Three stakeholder engagement fails to avoid

We’ve studied different approaches taken to stakeholder engagement and found three fails that are common to most ‘controversial’ infrastructure projects.

Firstly, there’s a tendency to not communicate enough, if at all.

Secondly, the communications approach relies too heavily on traditional PR.

And, thirdly, it’s too rigid with little done to modify plans in accordance with local feedback.

Let’s look at these in turn.

The lack of communication, where it exists, often stems from a fear of saying things that will be twisted in the media by organised opposition campaigns. This is totally understandable, but organised campaigners are the vocal minority in any population - by allowing them to close down your communications efforts, you do three things: you make it hard for everyone else to get the facts; you look shifty and as though you’re hiding something; and so you hand your opponents a victory.

Where developers in ‘third rail’ infrastructure projects do communicate, it can be overly dependent on PR - hosting town hall meetings with information display boards, and trying to secure positive media coverage. There’s nothing wrong with either of these approaches, but they must be part of a broader communications thrust and that has to be two-way to make it meaningful.

Which brings us to that third fail: not really listening to people’s genuine concerns and trying to address them where possible. If your communications are all outbound, with no proper feedback channels and only cursory consideration given to local representations, you’ll quickly give people the impression that you just don’t care and are going to drive your plans through at any cost.

Ever heard of the Swiss Cheese Model as it relates to safety management? In it, an organisation's defences against failure are modelled as a series of barriers, represented as slices of cheese. The holes in the slices represent weaknesses in individual parts of the system and are continually varying in size and position across the slices. The system produces failures when a hole in each slice momentarily aligns, permitting "a trajectory of accident opportunity", so that a hazard passes through holes in all of the slices, leading to a failure.

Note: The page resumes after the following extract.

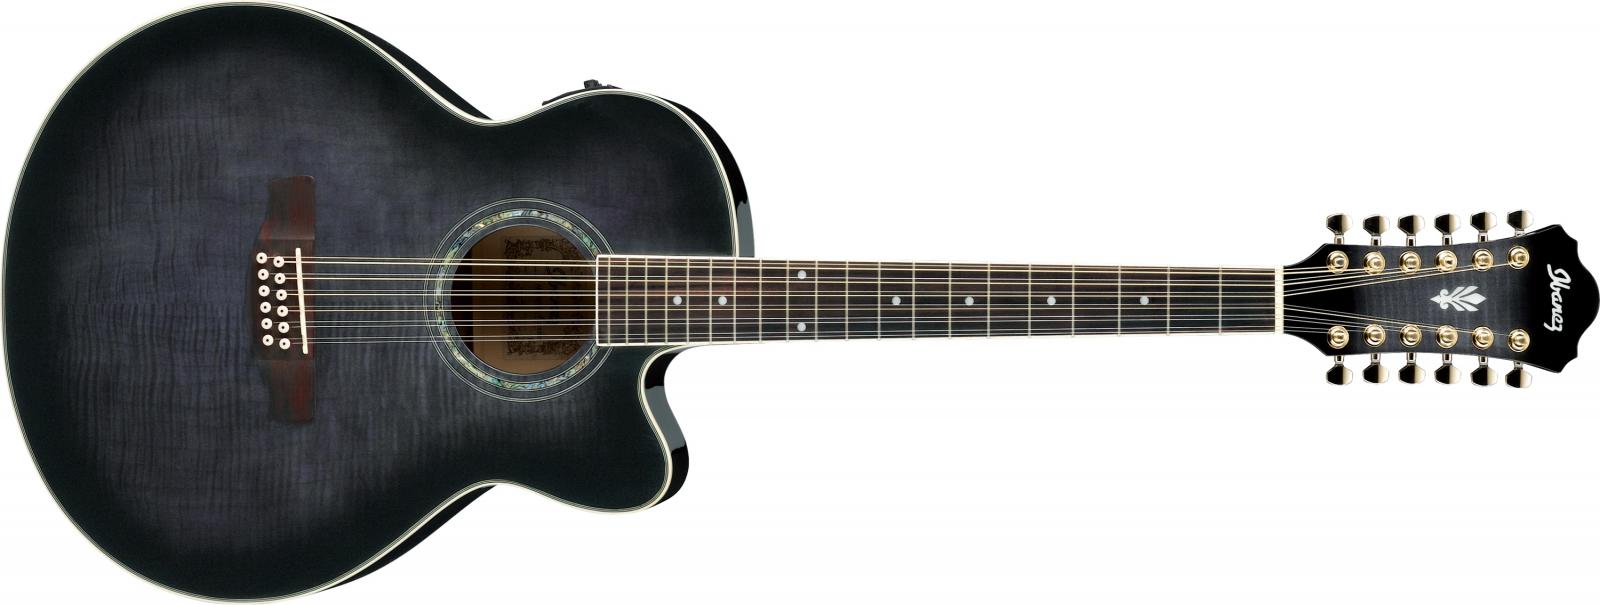 Ibañez - Guitarra Electroacústica AEL de 12 Cuerdas, Color: Negro Mod.AEL2012E-TKS_24
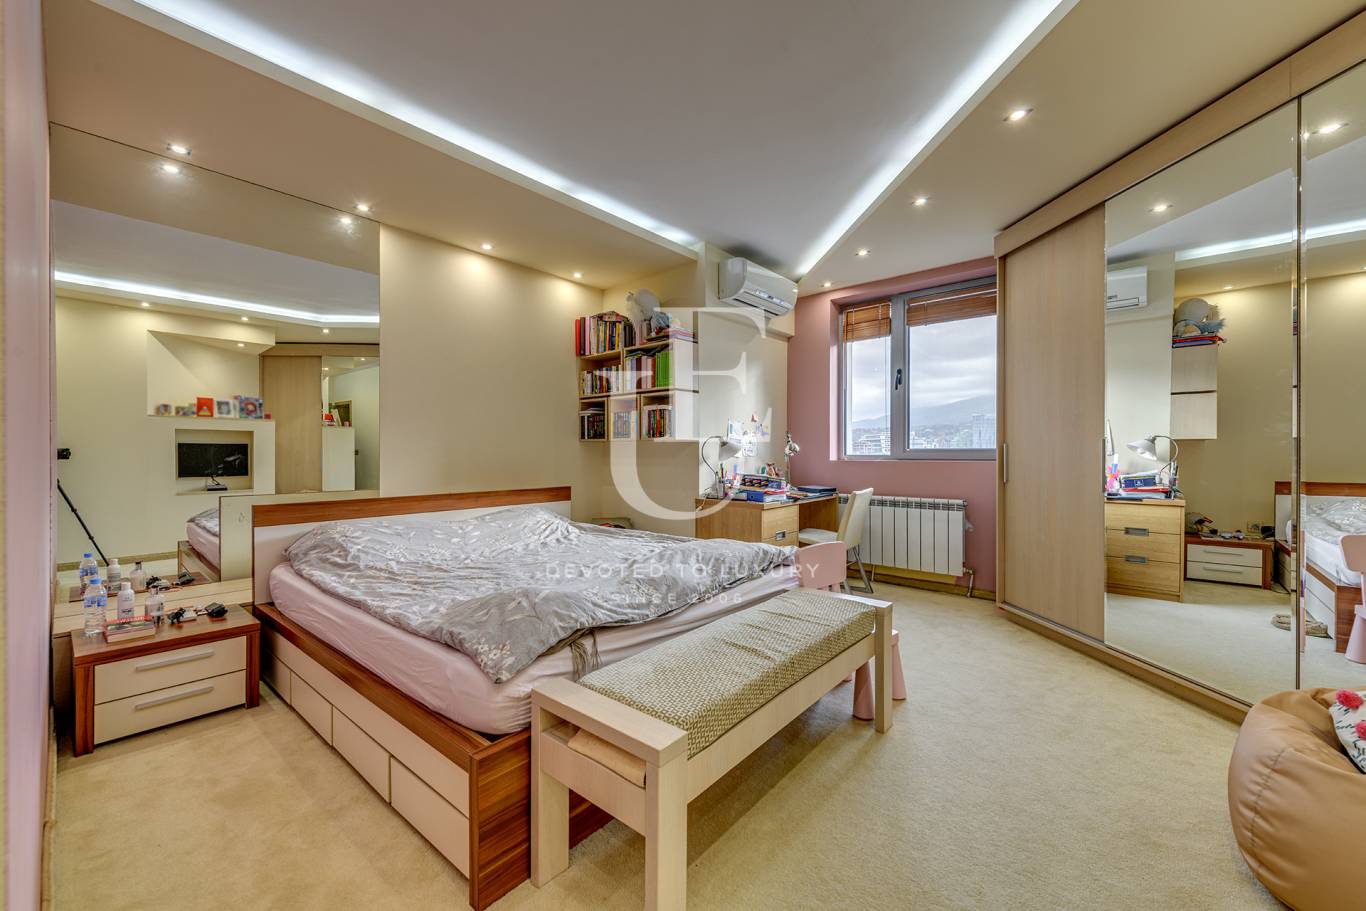 Apartment for sale in Sofia, Manastirski livadi - West with listing ID: K1489 - image 6

We can apply this in stakeholder engagement too. Each of the fails we’ve addressed here are bad enough on their own, but should all three become aligned, then the communications challenges of your venture suddenly become epic, necessitating a total re-think and entirely new approaches altogether - where you spend most of your time on the back foot rather than in the lead.

Avoid these fails by communicating openly and often, using methods that go beyond just PR, and demonstrate that you’re really listening to the stakeholders you might affect.